Say I am using a regular audio potentiometer. 1M Ohm max resistance. What are the typicaly efficiencies? A ball park estimate is good enough. Thanks.

Since it's a simple series circuit, the power ratio is just the voltage ratio, so efficiency is Vf/Vbat. That pot is probably not helpful, though; 1M might give you a couple microamps of current at low, so it'll be very sensitive at one end, and practically useless at the other...
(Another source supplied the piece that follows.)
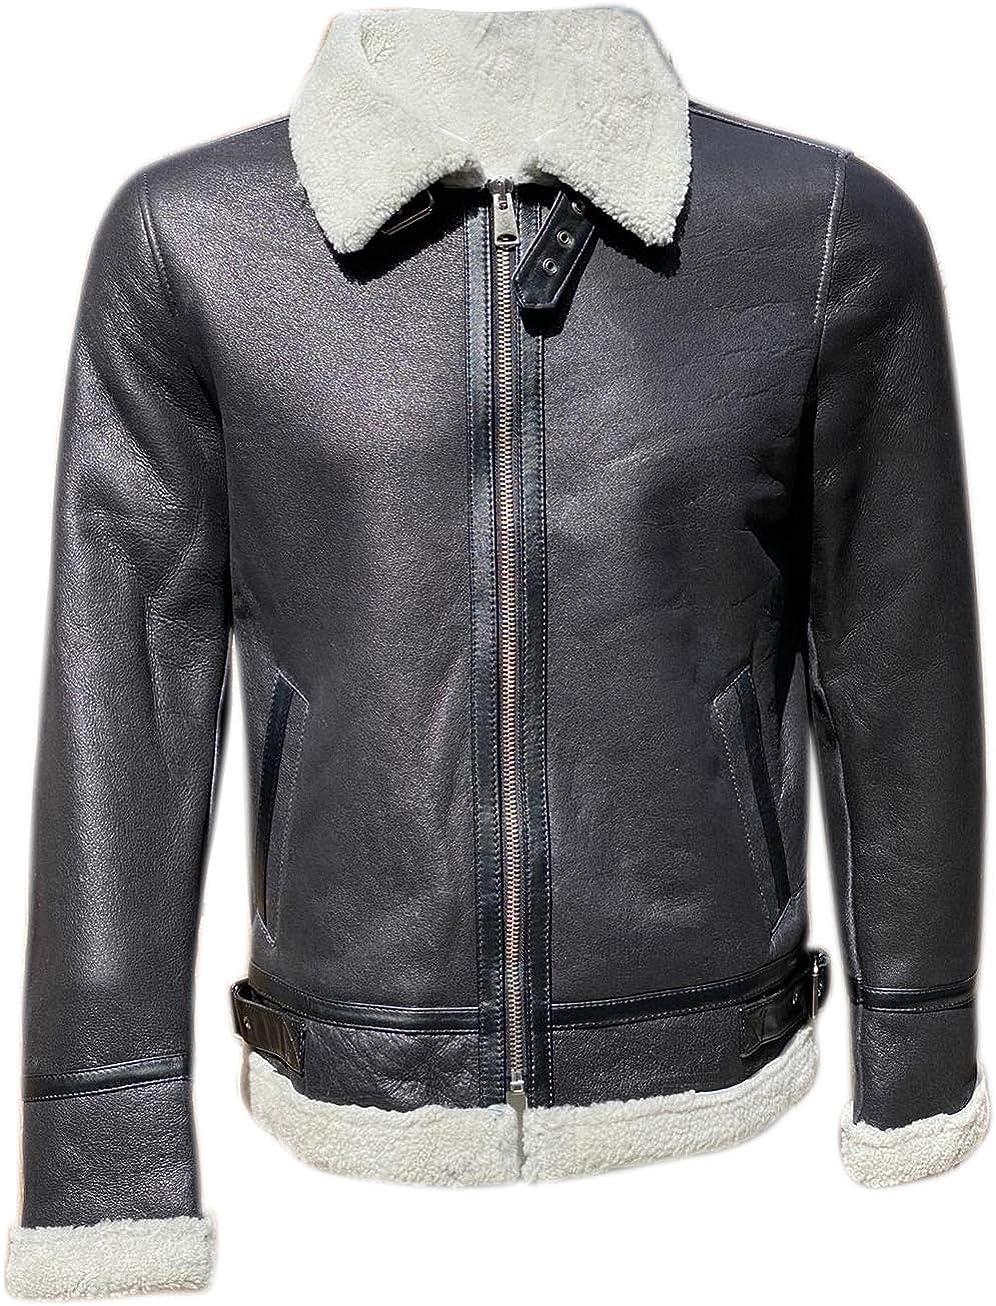 Quality wears usa Mens Sheepskin Shearling Leather Bomber Jacket Regular & Special Sizes (Black-White Fur)

However close Vbat is to Vf at maximum current determines the peak efficiency. If things work out for a direct-drive, that'll be 100% efficient, but if you have a little resistance (either added, or simply non-negligible body and switch resistance), it'll be slightly less, same as any DD light. As you ramp the resistance up, driver efficiency (power to LED / power from battery) will drop to ~70% or so, but this will be partially compensated by the increased LED efficiency (light output / power to LED) at low current, so total efficiency (light output / power from battery) might drop only to 80 or 85% of its original value.

If it's not a DD on high, just multiply the fixed voltage ratio for high by the variable ratio (which can be drawn from the LED datasheet). Suppose Vbat is twice Vf eek; you'd get 50% (high) to 35% (low) driver efficiency.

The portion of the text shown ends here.